# US May Sell or Lease A Nuclear Sub to Australia



## tomahawk6 (22 Feb 2012)

Might be a good idea for Canada to grab a USN attack sub as well. You could pay for it with oil.Oil for subs has a nice ring. :camo:

http://afr.com/p/national/us_floats_nuclear_subs_option_uPMgRrev3KjNwBLfFxpdeO

The United States has indicated for the first time it would be willing to lease or sell a nuclear submarine to Australia in a move that will inflame tensions with China and force the Coalition to declare its policy on bolstering regional defence.

US Ambassador to Australia Jeffrey Bleich told The Australian Financial Review yesterday that whichever option Canberra pursued as a replacement for its Collins class submarines, Washington viewed Australia’s subs program as crucial to security in the Asia-Pacific region.

“Decisions about the design of the Australian submarine are up to Australia’s leaders, including whether they pursue diesel power or nuclear power,” Mr Bleich said. “Whatever they decide the US is willing to help.’’

His comments suggest the US would be open to discussing nuclear submarine technologies with Australia at a time of severe budget constraints here and in the US, despite Defence Minister Stephen Smith restating Labor’s opposition to any nuclear submarine purchase. But Australian sources maintain they have been told by opposition figures that Coalition leader Tony Abbott will consider the nuclear option if he wins an election due in 2013.

Opposition defence spokesman David Johnston has gone as far as saying the Coalition would support Labor if it sought to examine the nuclear submarine option.

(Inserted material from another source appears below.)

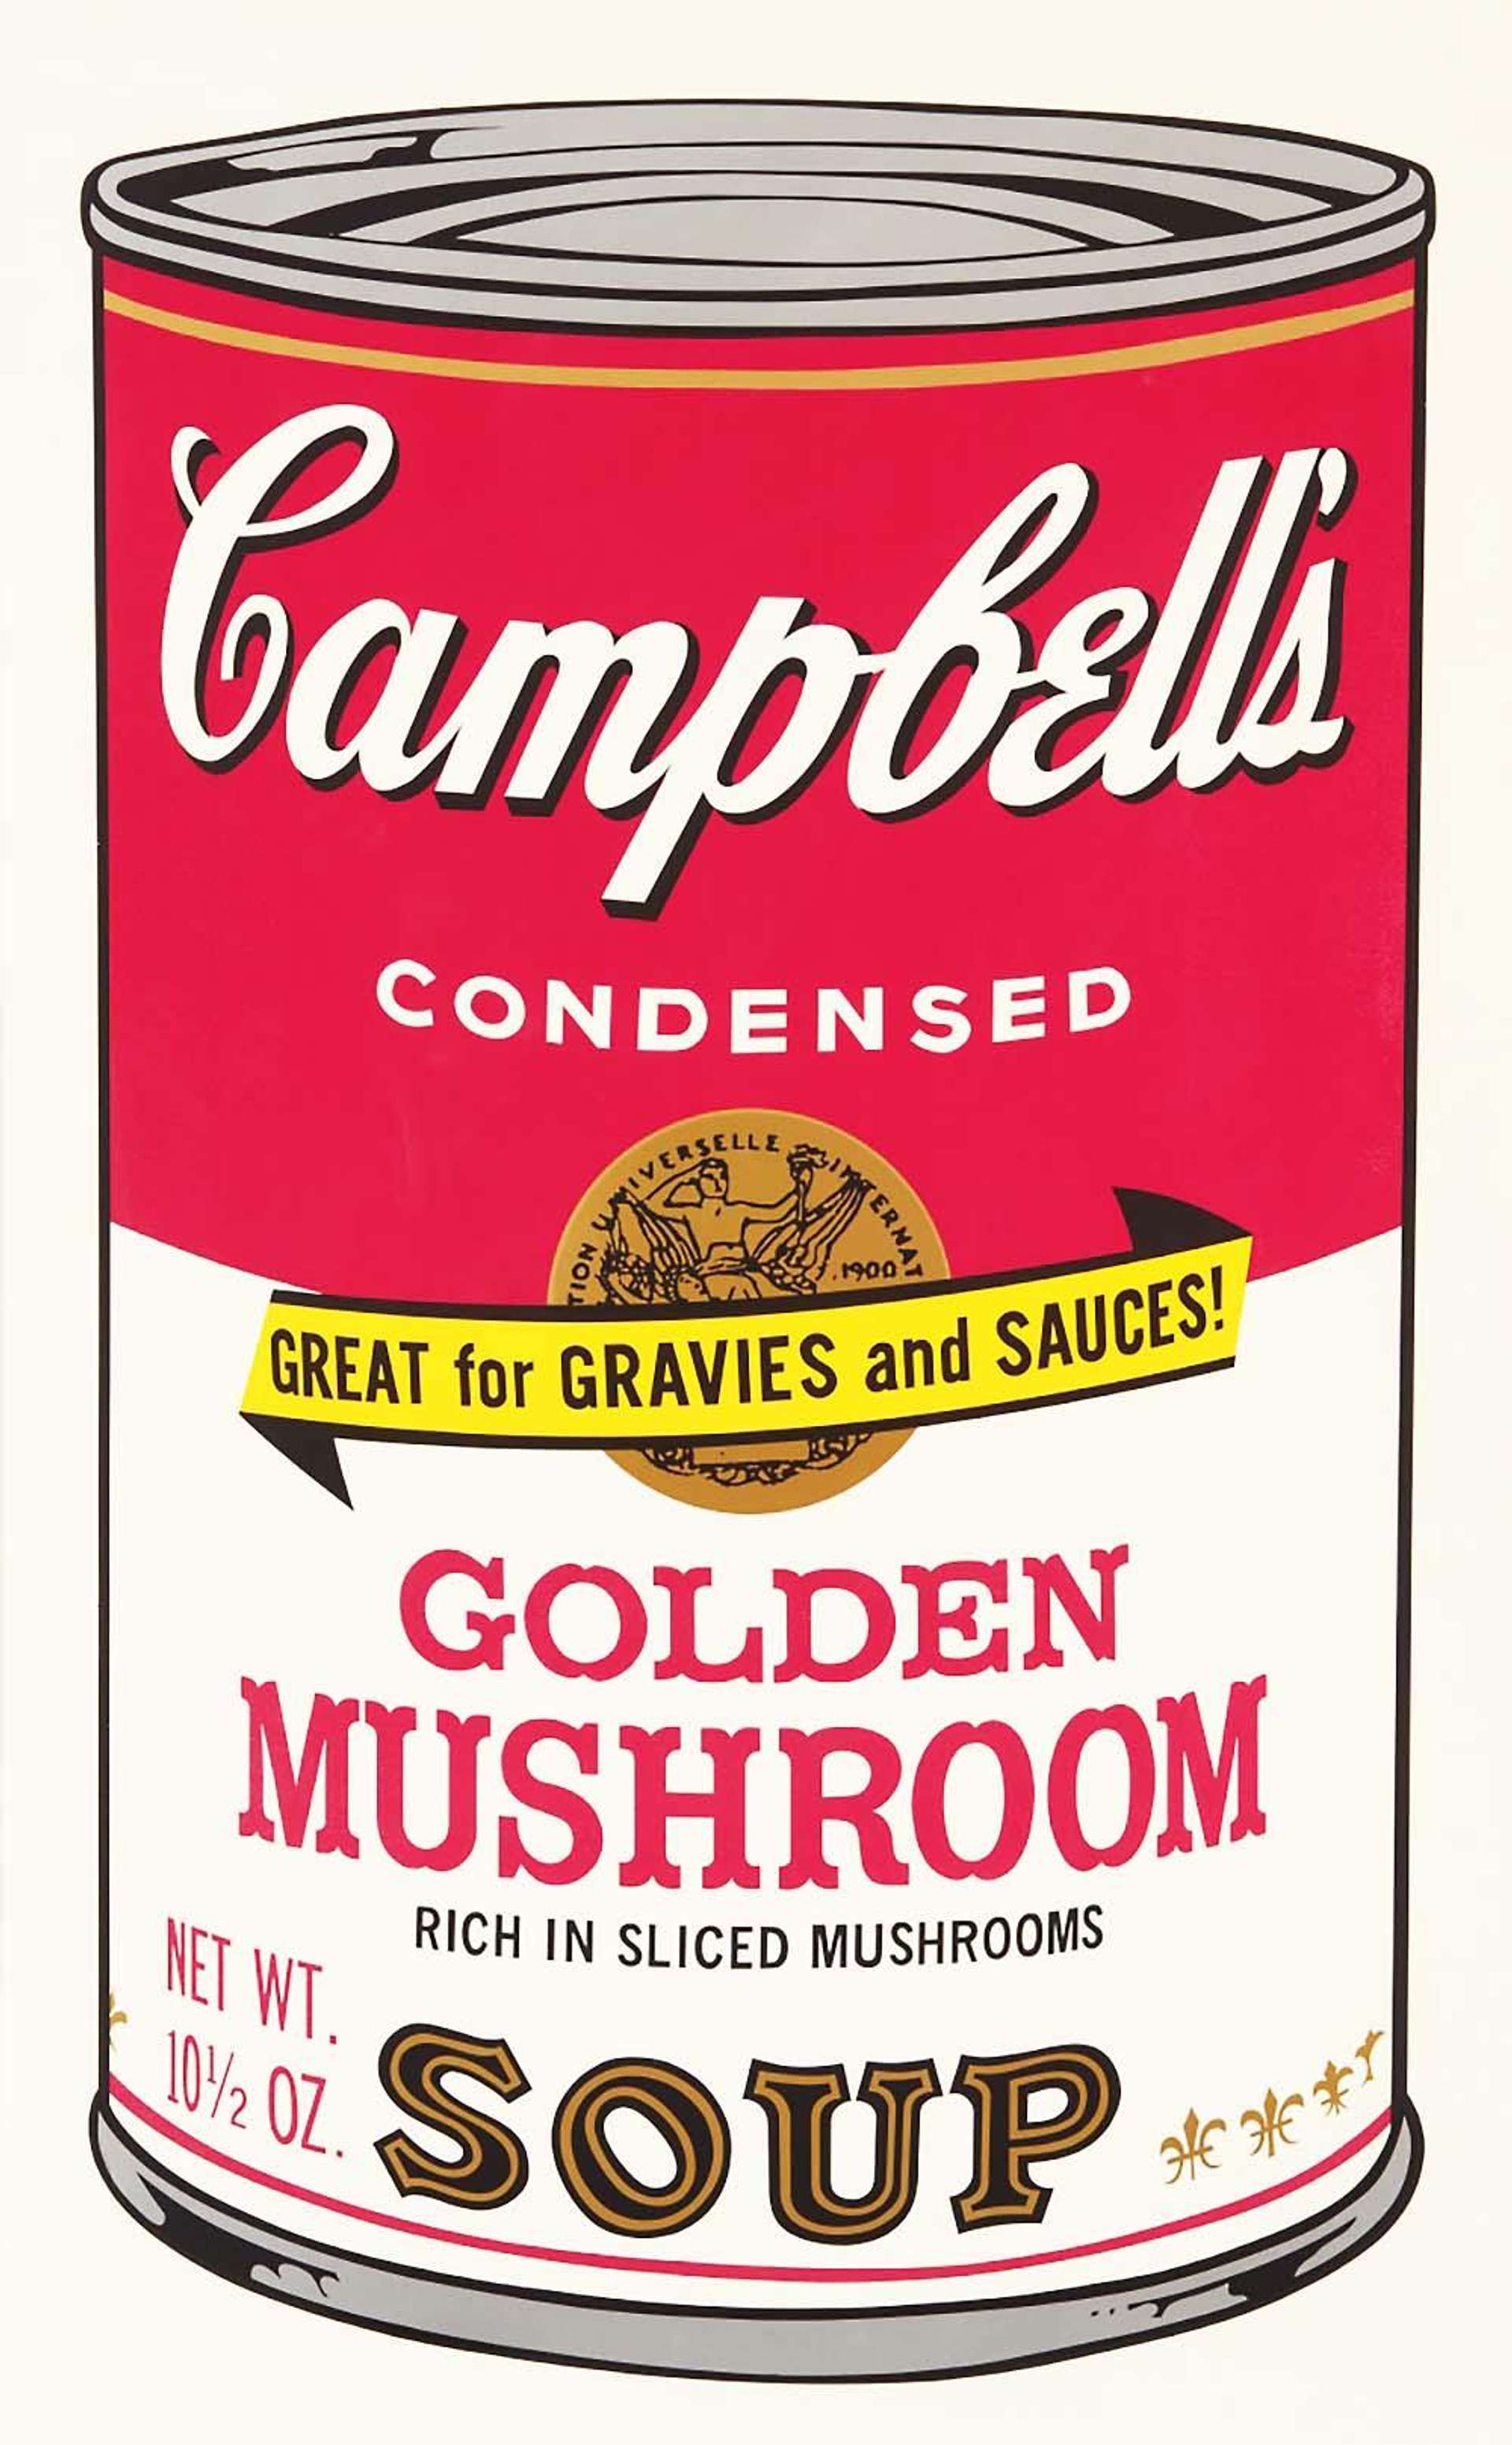 Campbell's Soup II, Golden Mushroom (F. & S. II.62) - Signed Print by Andy Warhol 1969 - MyArtBroker

Neither Mr Abbott’s office nor Mr Johnston were prepared to comment on Mr Bleich’s intervention last night

But leading defence analysts, including former Liberal minister Peter Reith, have urged both sides of politics to consider nuclear subs.

A senior Defence source said Australia would probably be able to buy a 7500 tonne Virginia Class submarine for around $2.5 billion, but because it would come off a mature production line its price would reduce over time.

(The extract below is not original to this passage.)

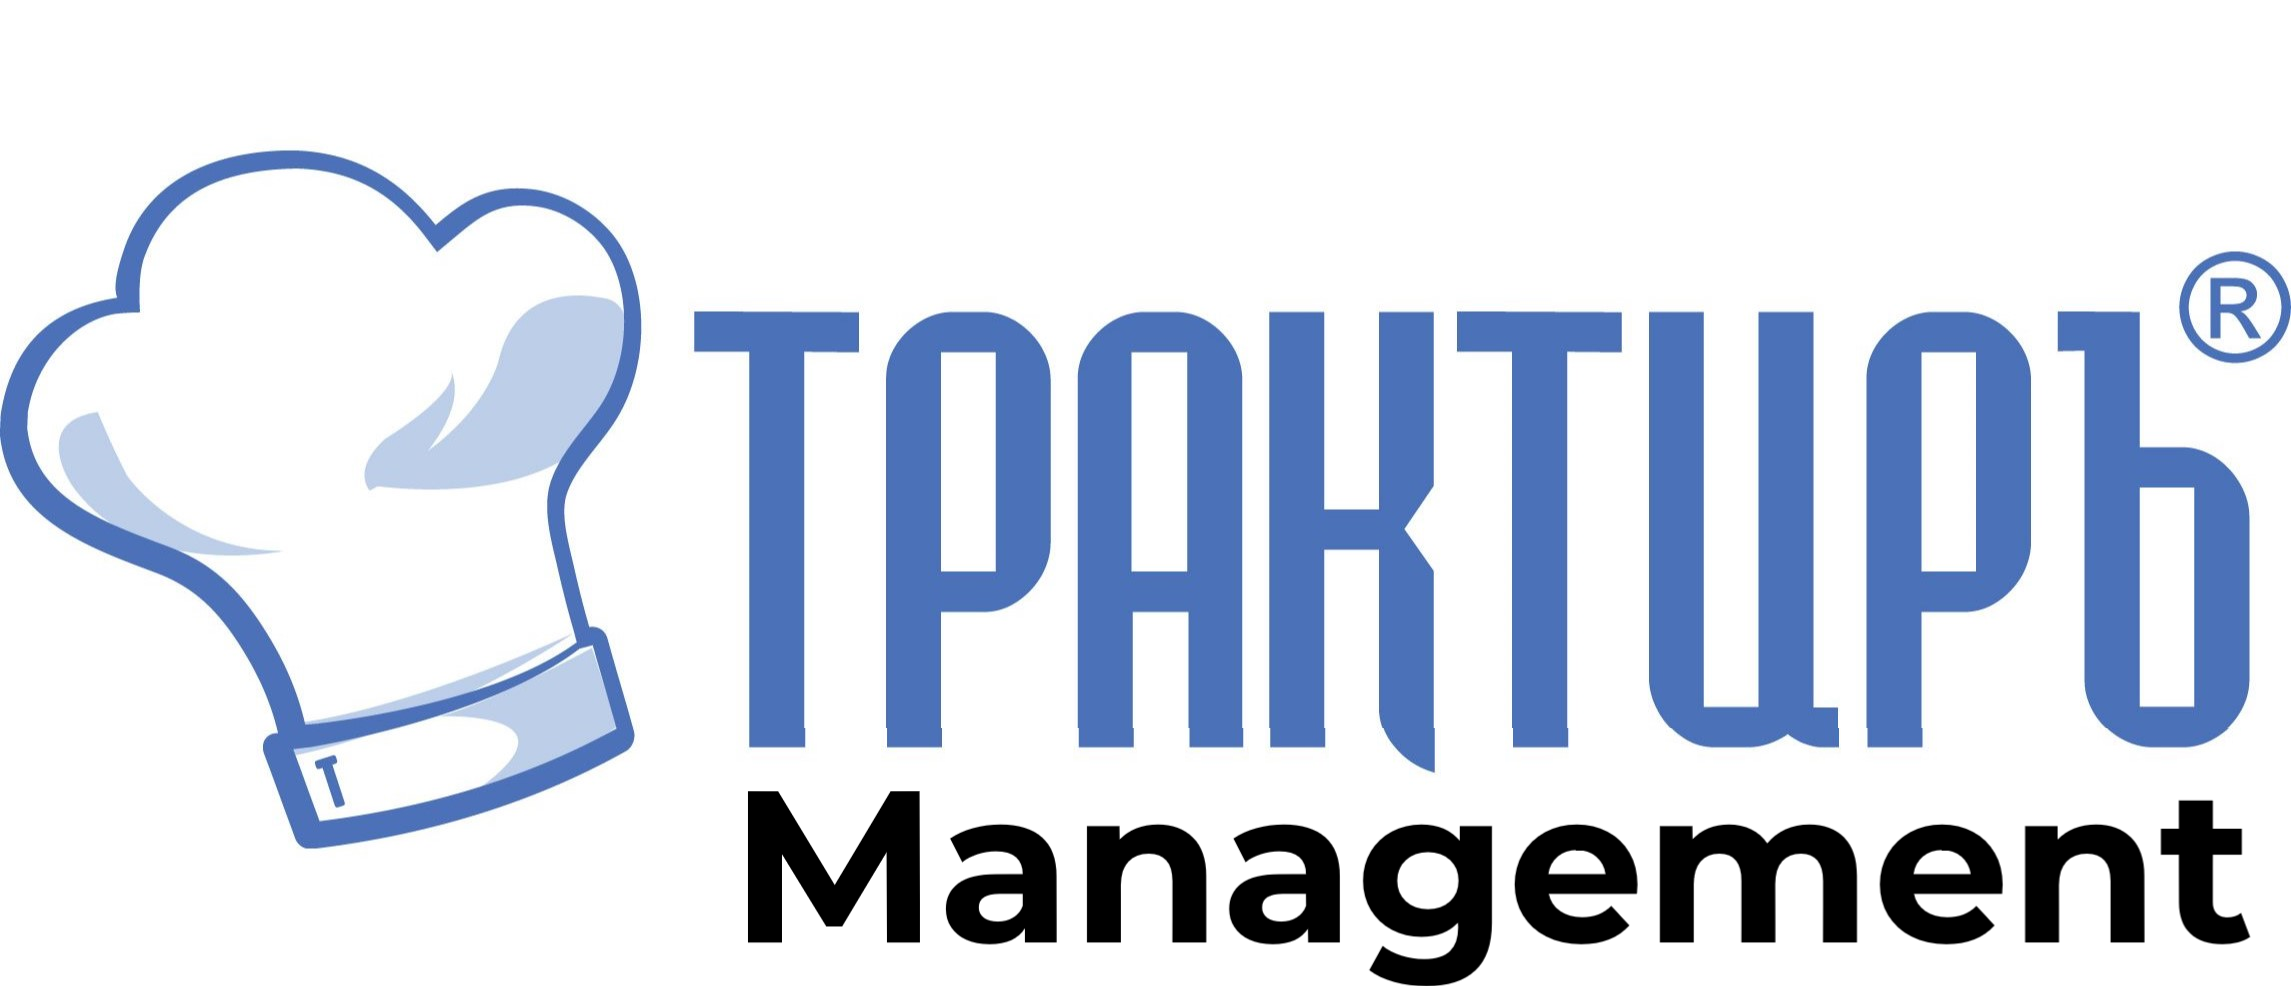 Трактиръ: Management в Рыбинске

Labor has been considering the purchase of 12 conventional submarines to replace the Collins, with an Australian designed and built option costing up to $36 billion, or $3 billion each. 

Respected senior Lowy Institute fellow Alan Dupont told the Financial Review that given what was at stake, “no option should be ruled out’’.

“If you are talking about spending $36 billion on a replacement for the Collins class then why shouldn’t the nuclear option be put under the microscope?’’ Dr Dupont said. “A nuclear submarine would meet all the requirements of the 2009 defence white paper and go beyond them.’’

Former prime minister Kevin Rudd’s 2009 defence white paper, predicated on the potential threat posed by China, called for 12 submarines, much larger than the Collins class – around 4000 tonnes compared to the current 3050 tonnes. 

They were to be armed with torpedoes, cruise missiles, mini-subs for special forces and state of the art combat and communication systems. 

Kokoda Foundation founder Ross Babbage, a proponent of the nuclear submarine option, said a smaller fleet of nuclear powered boats would serve Australia better than any available conventional submarine. “You would not need 12, you could probably get away with 9 or 10, they are much larger than a conventional sub, can carry more weapons and would have far greater range and endurance than a conventional sub,’’ he said.

“It would also be great step forward in terms of Australia’s interoperability with the United States.’’

Though the idea has been criticised as unworkable because Australia doesn’t have a nuclear industry to support a nuclear submarine fleet defence sources suggest the Australian fleet could be maintained at a US base in the Pacific Ocean or a US nuclear submarine base could be established in Australia.

Mr Smith will take a submission to Cabinet within weeks to fund the concept design phase of the future conventional submarine project.

The government has approached three European conventional submarine builders about off-the-shelf options including Spanish based Navantia which builds the S-80, French based DCNS which builds the Scorpene and German based HDW which builds the Type 212 and Type 214 submarines.

All three subs have been dismissed as too small to meet Australia’s requirements but each manufacturer is understood to have also proposed larger 4000 tonne submarine designs.

Mr Smith told an Australian Defence Magazine conference on Tuesday all options for a conventional submarine from a proven fully military off the shelf design though to a completely new submarine were under consideration.

“All options are being considered other than nuclear propulsion which the government has ruled out.”


----------



## SeaKingTacco (22 Feb 2012)

Veeerrry interesting....


----------



## The Bread Guy (22 Feb 2012)

Gotta be better than buying used, right?

 :whiteflag:


----------



## Colin Parkinson (22 Feb 2012)

Posted same article in the sub thread, the plus are clear, however the US retains the controlling options as the refueling stations would stay in the US.


----------



## Kalatzi (12 Mar 2012)

An ally ordering several Virginnias would probably go over very well in the States. Reduce costs and keep the line open longer.


----------



## Fishbone Jones (13 Mar 2012)

Kalatzi said:
			
		

> An ally ordering several Virginnias would probably go over very well in the States. Reduce costs and keep the line open longer.



Still refuse to use spellcheck?

Milnet.ca Staff


----------